Batch uploading and attaching a document fails in a clustered configuration -- how can it be fixed?

Hello,

I have been following the “Blob Upload for Batch Processing” directions with some success in development, but I have run into a very severe problem when attempting to use it in a production configuration in a two-node cluster.

I believe the root of the problem is described in that documentation. “The files attached to the batch are stored on a temporary disk storage (inside java.io.tmp) until the batch is executed or dropped.” – this means that batch-uploaded files are only available on the original node. So given the following configuration:

  • nuxeo-lb.example.com load balancer
  • nuxeo-a.example.com node A
  • nuxeo-b.example.com node B

If one uses nuxeo-lb.example.com to access the batch processing and document modification API as documented, then one is quite likely to upload the file to node-a.example.com and attempt to use it from node-b.example.com, which results in an error because node-b.example.com does not have access to that file.

As a temporary workaround we can directly use the nuxeo-a.example.com address for everything, but this is certainly not an ideal solution.
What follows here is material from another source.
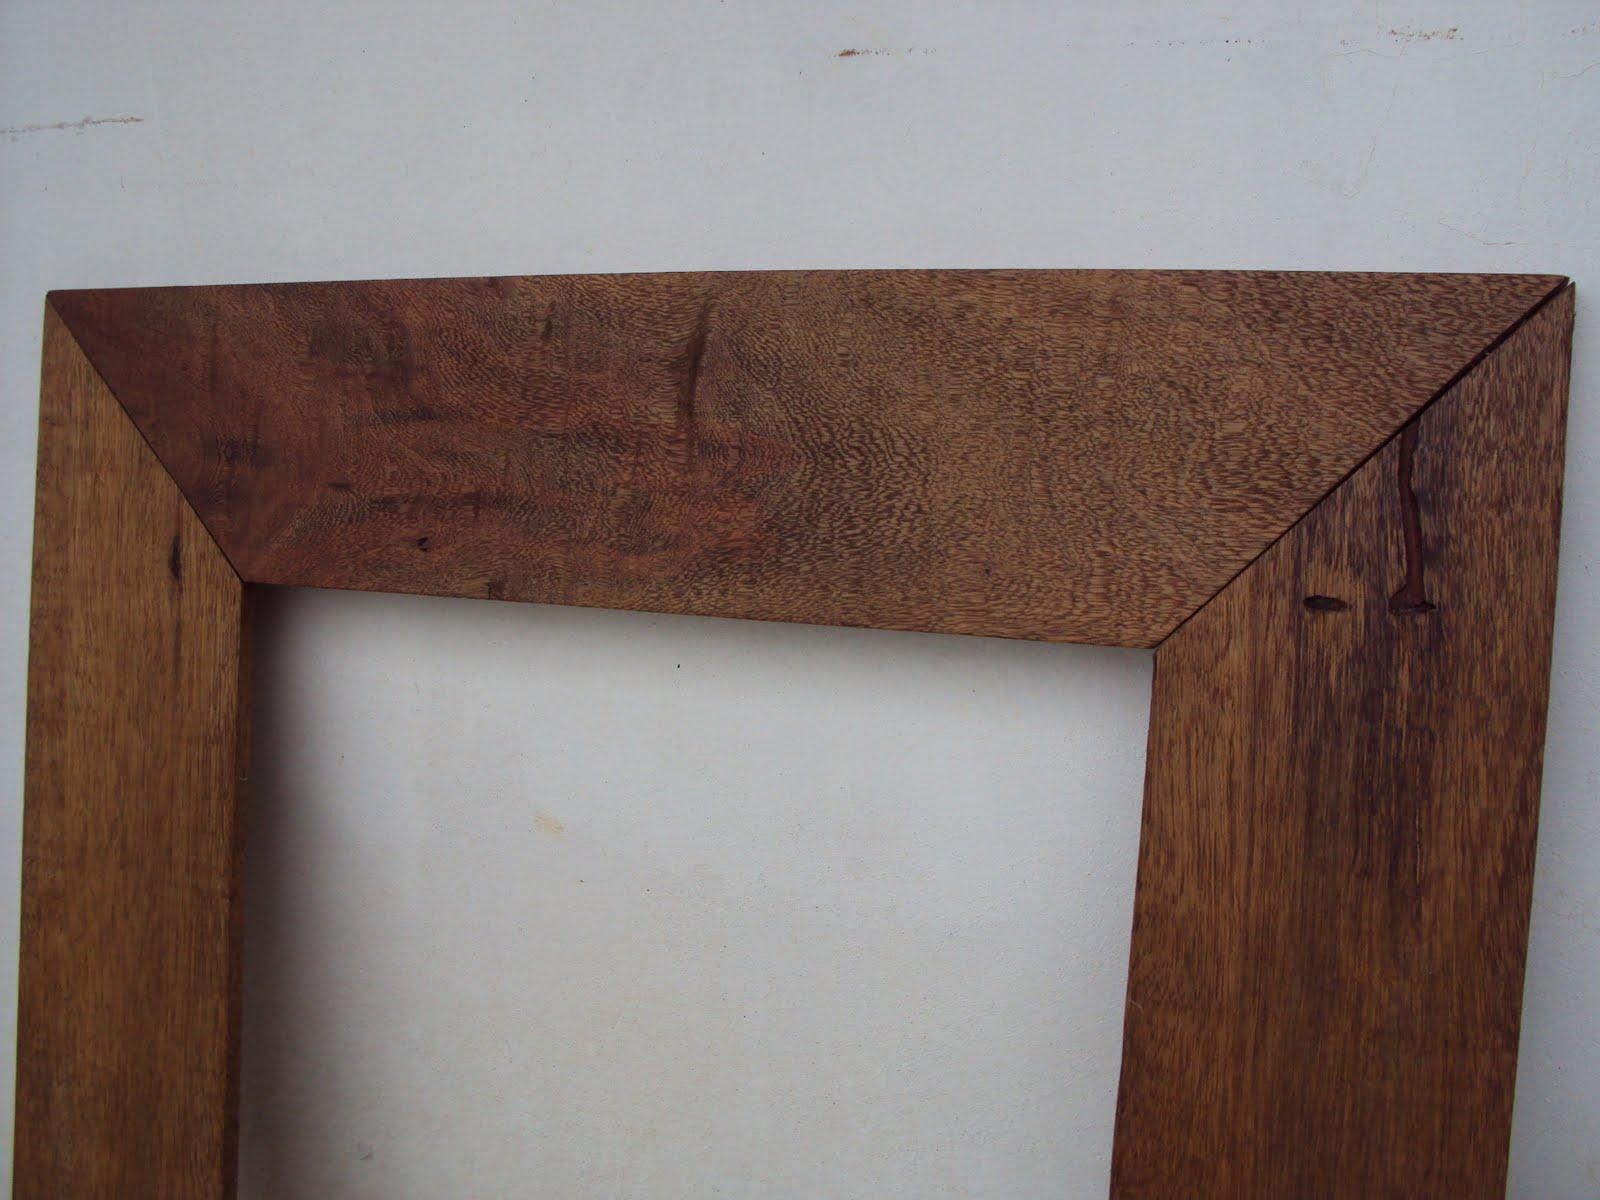 Artes do Dinho: Moldura em madeira de demolição #482A21 1600x1200 Balcao Banheiro Artesanal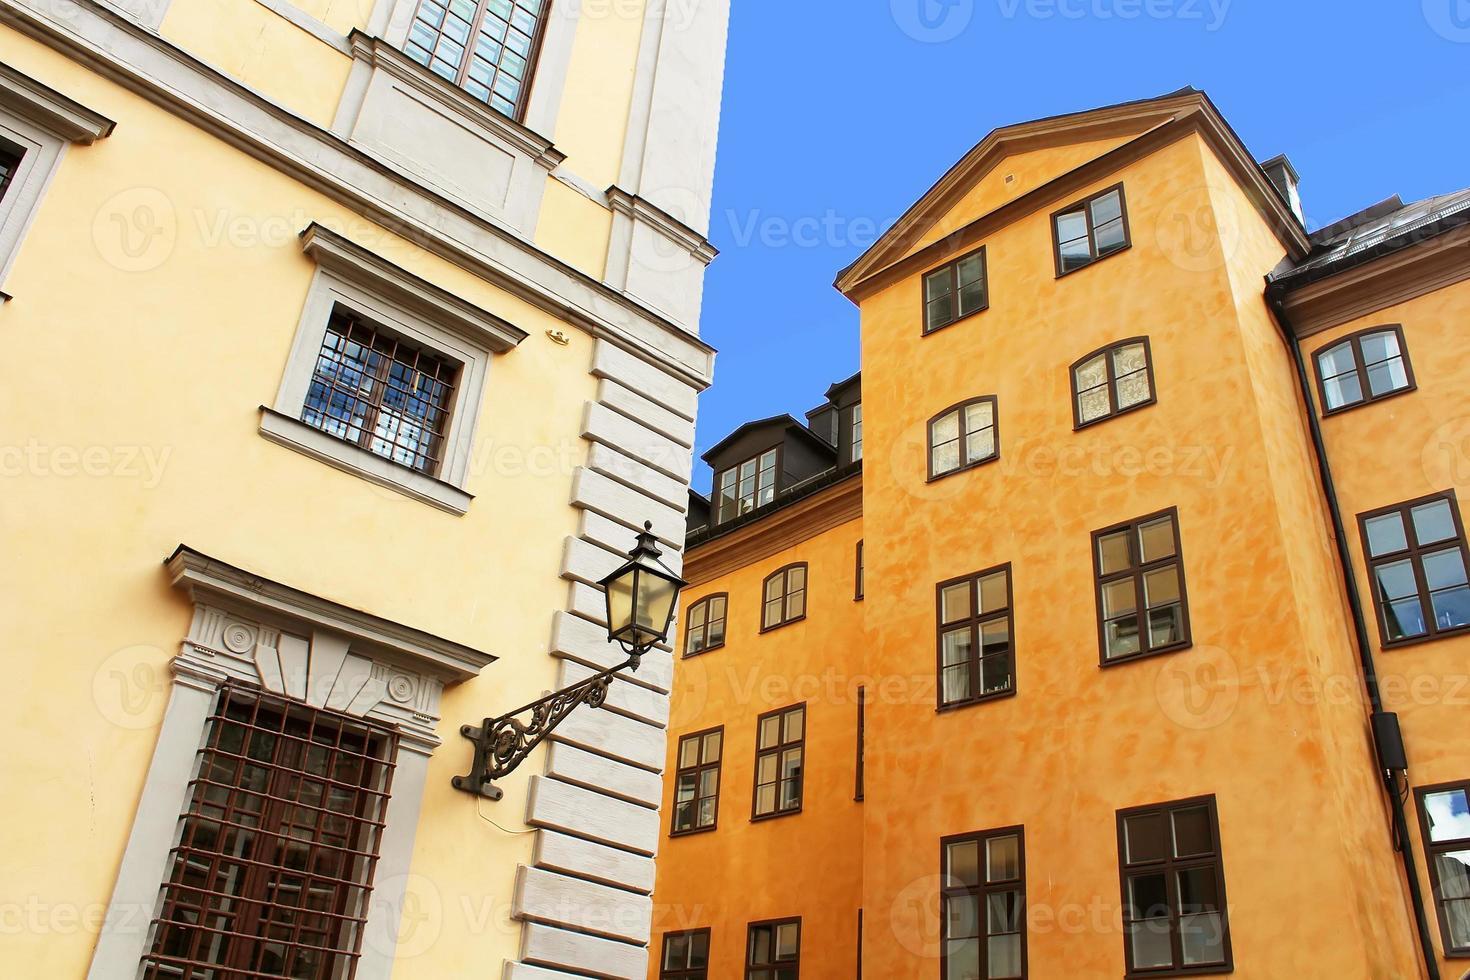 oude gebouwen en lantaarn, stockholm, zweden foto

What else can we do? We are using S3 binary storage on an EC2 instance, so sharing a directory isn't quite as straightforward as a shared NFS mount, and it's not even clear that java.io.tmp should be shared anyway.

3 votes

0 answers

2643 views

ANSWER

Have you set up session affinity at the load balancer level? If you're not using a session cookie for these uploads, maybe you can add a custom header and do affinity on that?
12/04/2014

We have the load balancer set up for user logins, but this is a sessionless direct call to the REST API. We are considering just using IP affinity for the time being unless there is a better way.
12/04/2014